В эфире стояла мертвая тишина.

«МиГ-1-48 „Сапсан“ не дотянул до бетона около пятисот метров. Он рухнул на поле в районе ближнего привода. Вертикальная скорость самолета составляла двенадцать метров в секунду. Удар был такой силы, что стойки шасси пробили крылья.

Изломанный самолет промчался по полю около ста метров и нырнул носом в глубокую канаву, змеившуюся вдоль служебной бетонки. Правая стойка шасси с грохотом отломилась, самолет грянулся крылом о бетонку, проскользил еще метр и замер, запутавшись в бетонных плитах и собственных металлических внутренностях. За ним медленно, как гигантский гриб-дождевик, опадал желтый тормозной парашют.

Машины Черяги домчались до места катастрофы спустя пять минут после приземления. Кирилл и пожарка успели раньше.

Когда Черяга выскочил из машины, он увидел, что пилот лежит на снегу возле искалеченной машины. Скорее всего, он сам выбрался из кабины. Около него, на коленях, стоял Кирилл и пытался делать ему искусственное дыхание. «Жив, черт возьми! Жив», – изумленно промелькнуло у Черяги. Он не знал, радоваться или огорчаться.

Кирилл выпрямился на мгновение, и Черяга увидел над летным комбинезоном лицо Степана. Оно было все залито кровью. Глаза вылезли из орбит. Потом веки Бельского дернулись, губы шевельнулись.

– Са… – сказал Степан, глядя на Дениса, – сам…

Глаза его закрылись. Черяга взял пилота за запястье, пытаясь нащупать пульс. Он не нащупал не только пульс. Он не нащупал костей.

– Бесполезно, – сказал кто-то над ухом. – У них вертикальная скорость составляла не меньше десяти метров в секунду. Техника может выдержать, а человек – нет.

Кирилл не слышал этих слов. Он сидел над пилотом и пытался делать ему искуственное дыхание.

– Все прочь от машины, – орал какой-то пожарный, – все прочь!

Из «скорой помощи» вылез врач и тоже попытался нащупать пульс.

– Перестань, парень, – сказал врач, – он уже мертв.

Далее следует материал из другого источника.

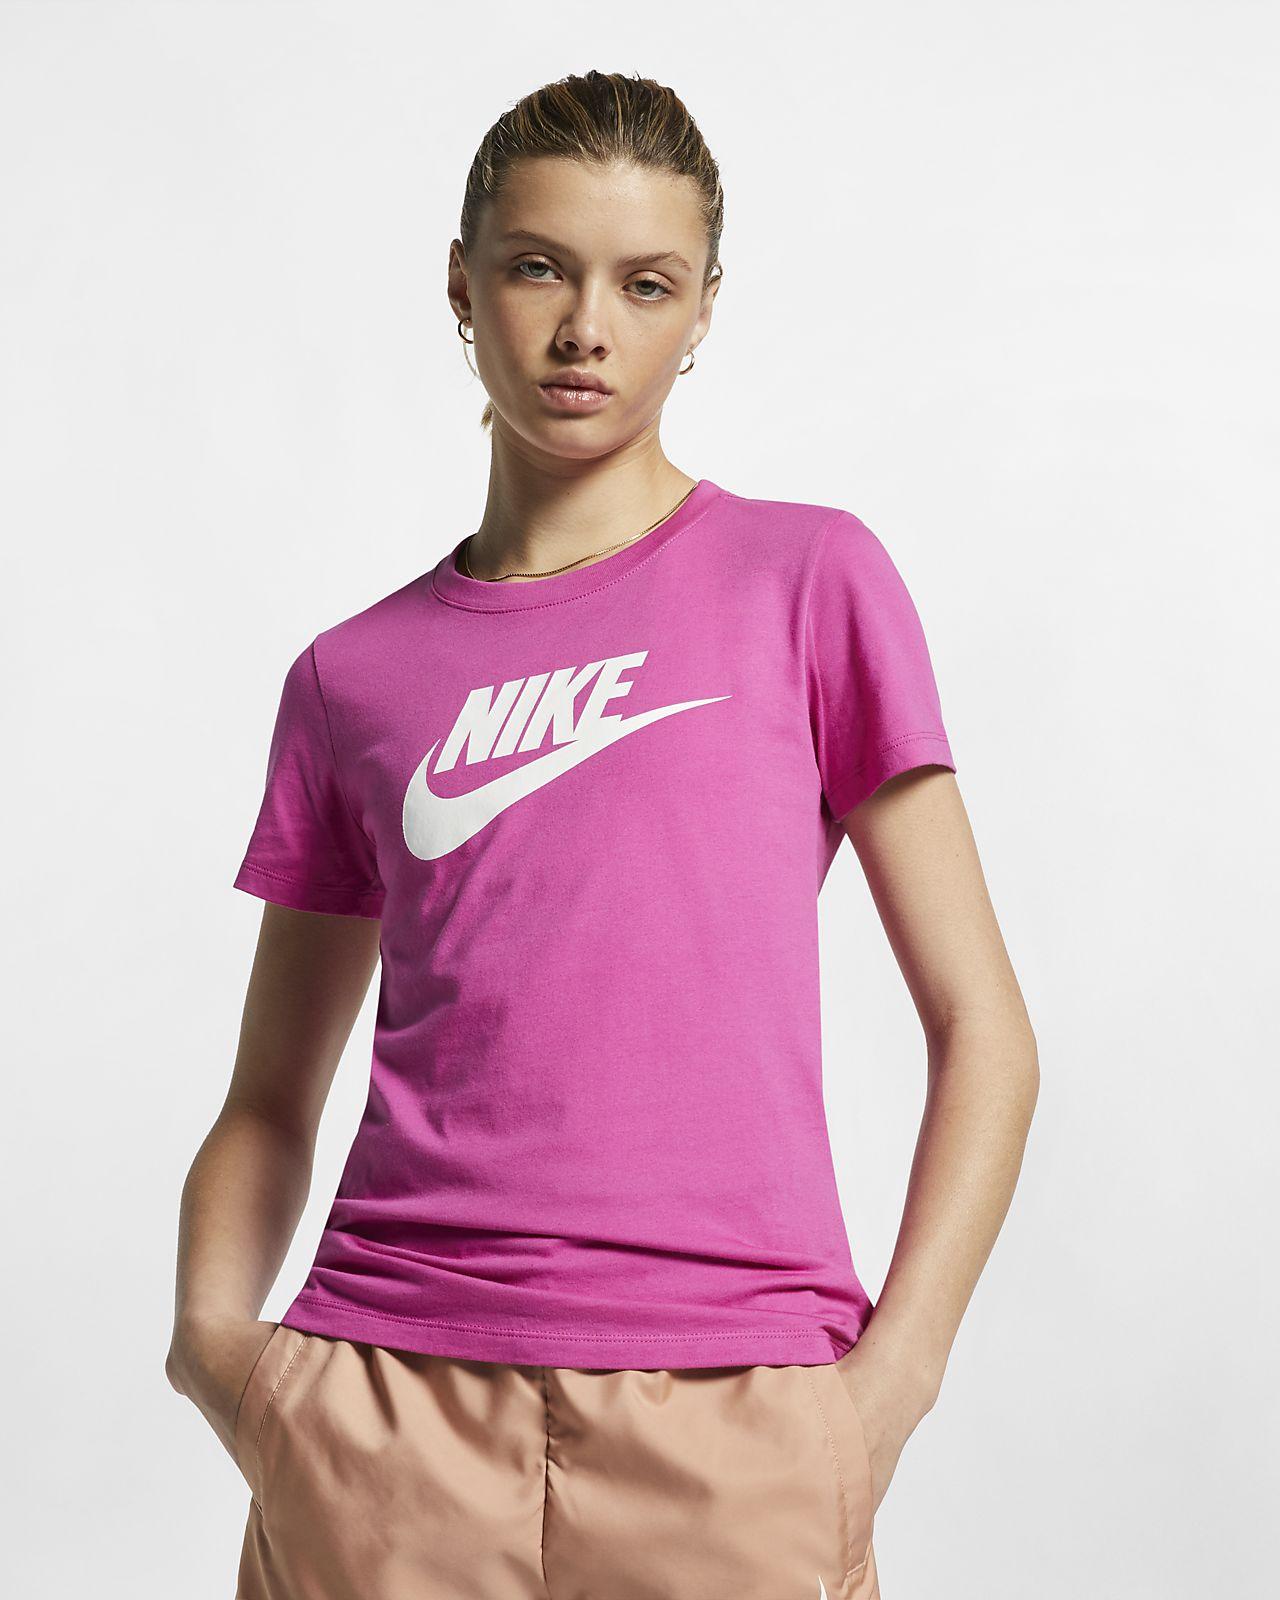 new style 2bd38 41640 ... Nike Sportswear Essential Women s T-Shirt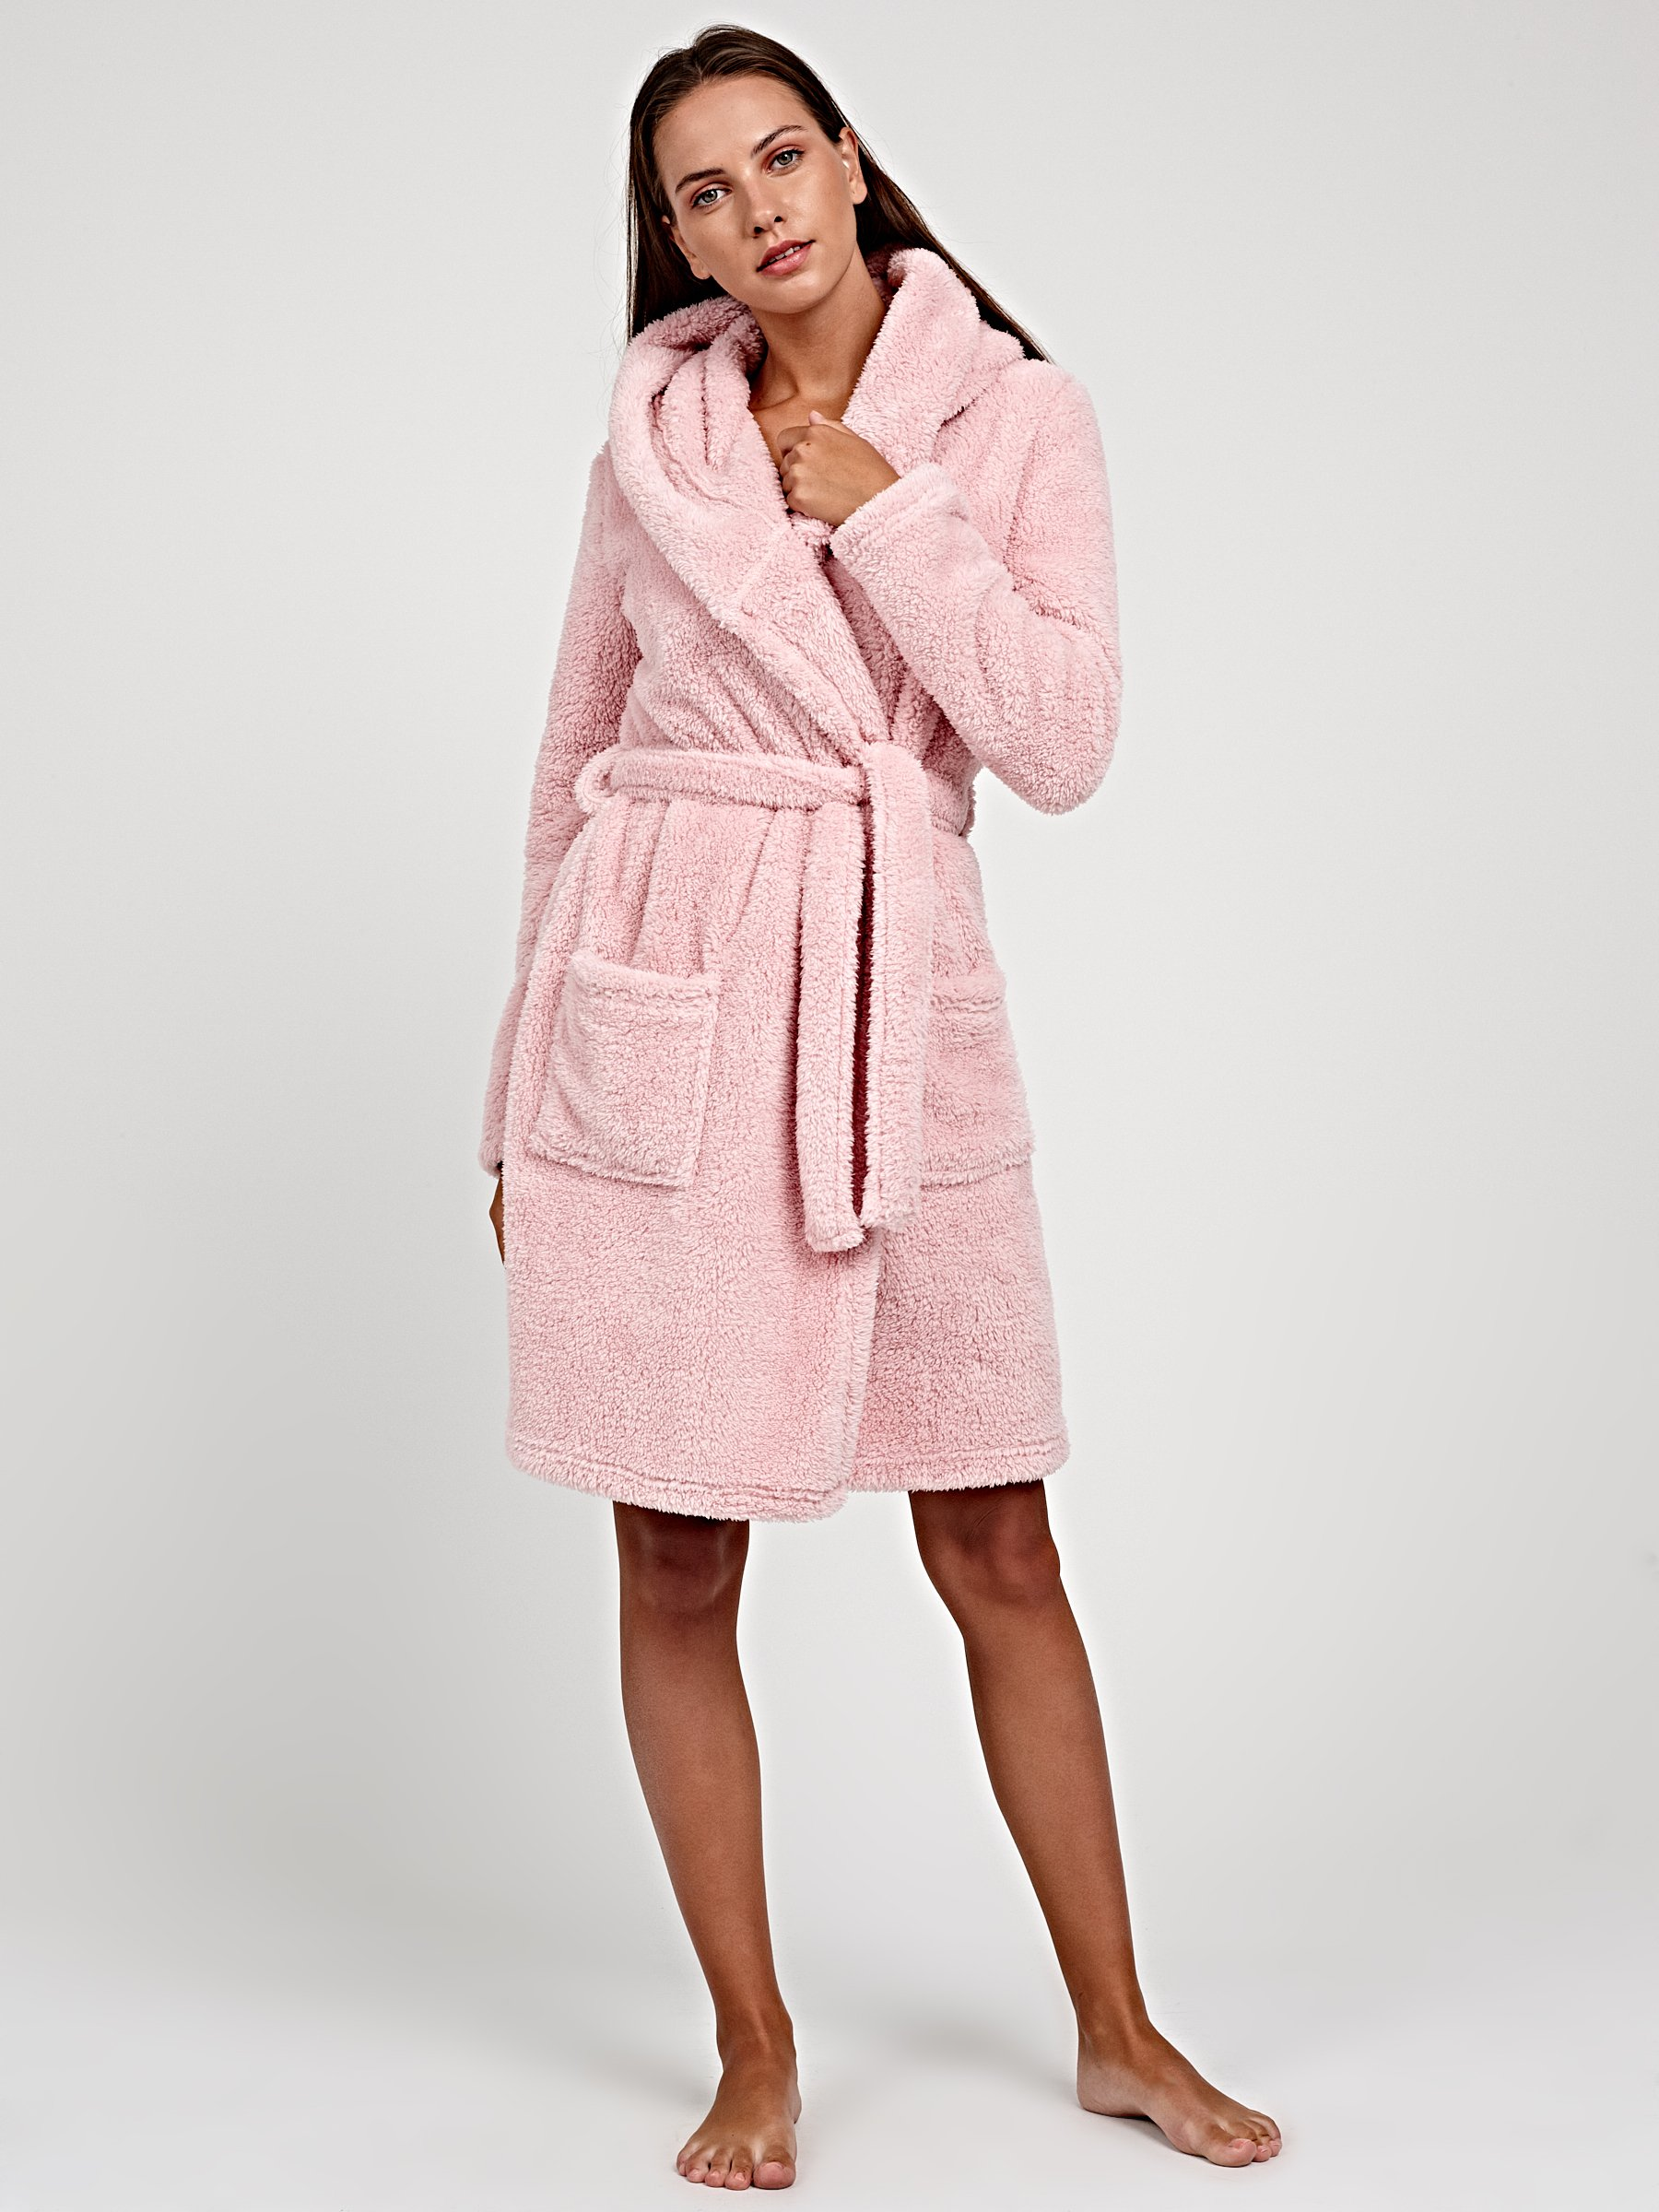 Ladies Fleece Dressing Gown Four Sizes

Кирилл продолжал делать искусственное дыхание. Его люди и охрана Черяги стояли вокруг. Никому не хотелось отрывать Кирилла от трупа. Слишком был высок риск получить пулю в башку.

– Слышишь, ему ничем не поможешь, – повторил врач.

Кирилл поднял голову. В свете фар и всполохов «синеглазок» его зрачки страшно сверкали. Он посмотрел сначала на врача, потом на Дениса.

– А ты что тут делаешь? – сказал он Черяге.

Черяга продолжал стоять неподвижно. Кирилл внезапно выхватил пистолет. Все окружающие попятились.